My opinion is that City Council should seize the opportunity by taking the reasonable aspects of this of this initiative and committing to adopt them voluntarily. They could and should do the following three things:

  • Eliminate spot zoning to the degree demanded by the initiative, or to some close approximation. It might be that there are some extreme cases for which city staff think a "spot zoned" general plan amendment would be justified, and those might be retained. Ideally, they would adopt policy as close as possible to that found in the initiative, because it's mostly pretty sensible.
  • Require regular updates of the General Plan and Community Plans. This includes committing to immediately hiring the staff required to actually make this happen.
  • Make an effort toward increasing transparency in the environmental review process. I really don't know if the language in the Neighborhood Integrity Initiative helps achieve this goal in any way, so it could be a good idea for the city to meet with NII representatives to see what they are trying to achieve and how it could best be accomplished.

There would also need to be something that holds the city to these commitments, and forces them to adopt the changes expediently. Transitional policy would be welcome because it would eliminate the need for a moratorium, which is really just the NII supporters using a hammer where a scalpel would be more appropriate.

If City Council adopts these changes, all that's left is the parking regulation. That part is purely bad policy and shouldn't be negotiated. 

After adopting these voluntary changes, I see one of two things happening. Either: 

  1. The initiative's backers are left with very little to rabble-rouse over and the law dies a silent death come March; or
  2. Both sides claim a moral victory and we can move on with our lives.

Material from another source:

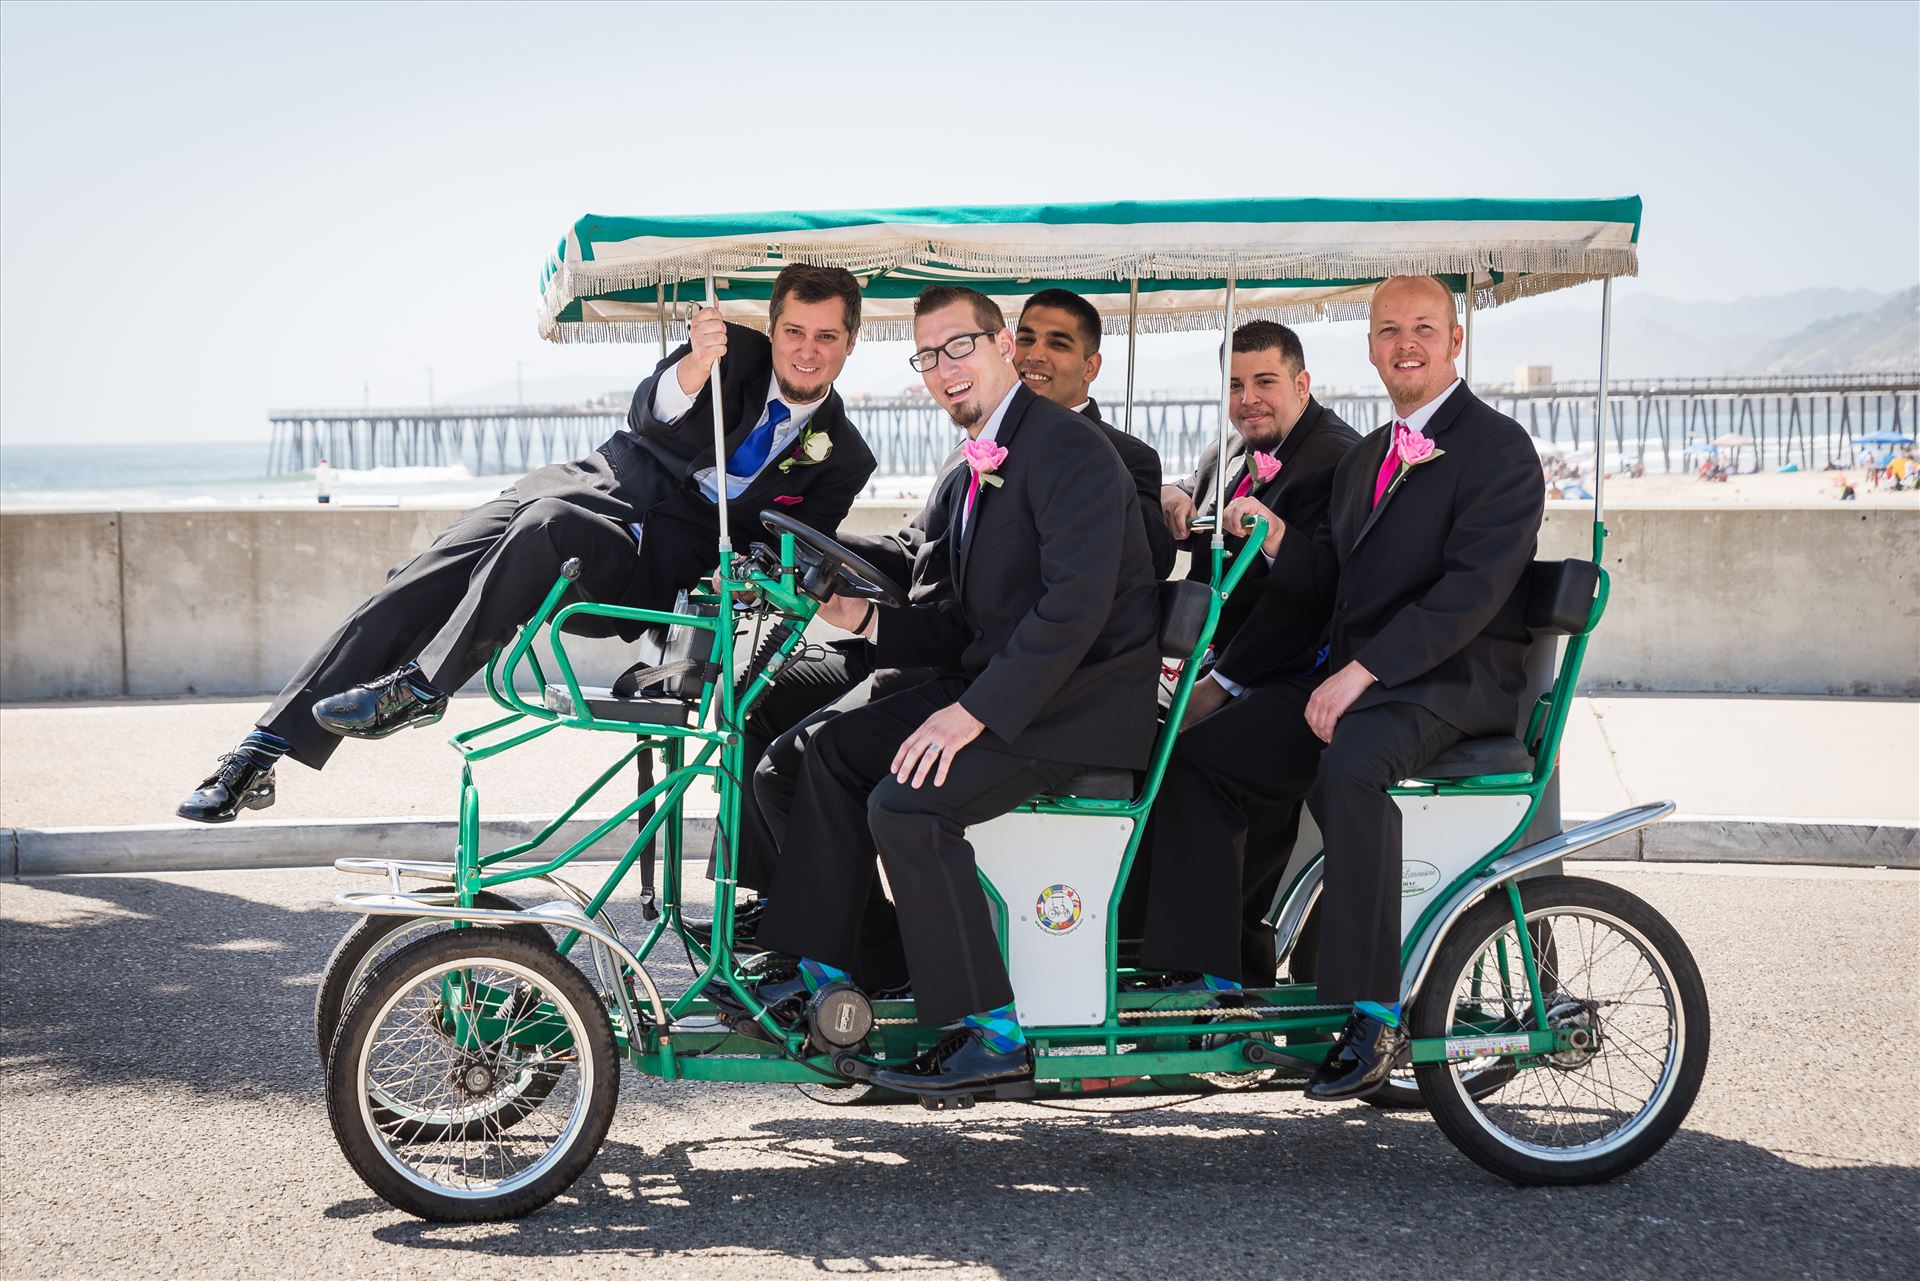 Jessica and Michael 23 Sea Venture Resort and Spa Wedding Photography by Mirror's Edge Photography in Pismo Beach, California. Groom and Groomsmen in cart by Sarah Williams

I would hope for everyone's sake that the latter would occur, and I think that—just maybe—this is the hoped-for end-game of the people behind the NII. If Council adopts the majority of these changes, the supporters can (rightly) claim that they've forced the city to make a positive change, and they can stop wasting money on gathering signatures, which they now have to restart anyway.

The rest of us, meanwhile, can be assured that Los Angeles will still have the flexibility to plan for a better future. As advocates for a Greater LA, I think this is the direction we should be pushing things in the coming months. Feel free to share your comments whether you agree or disagree, and if you think a different path is warranted, please share your own suggestion(s).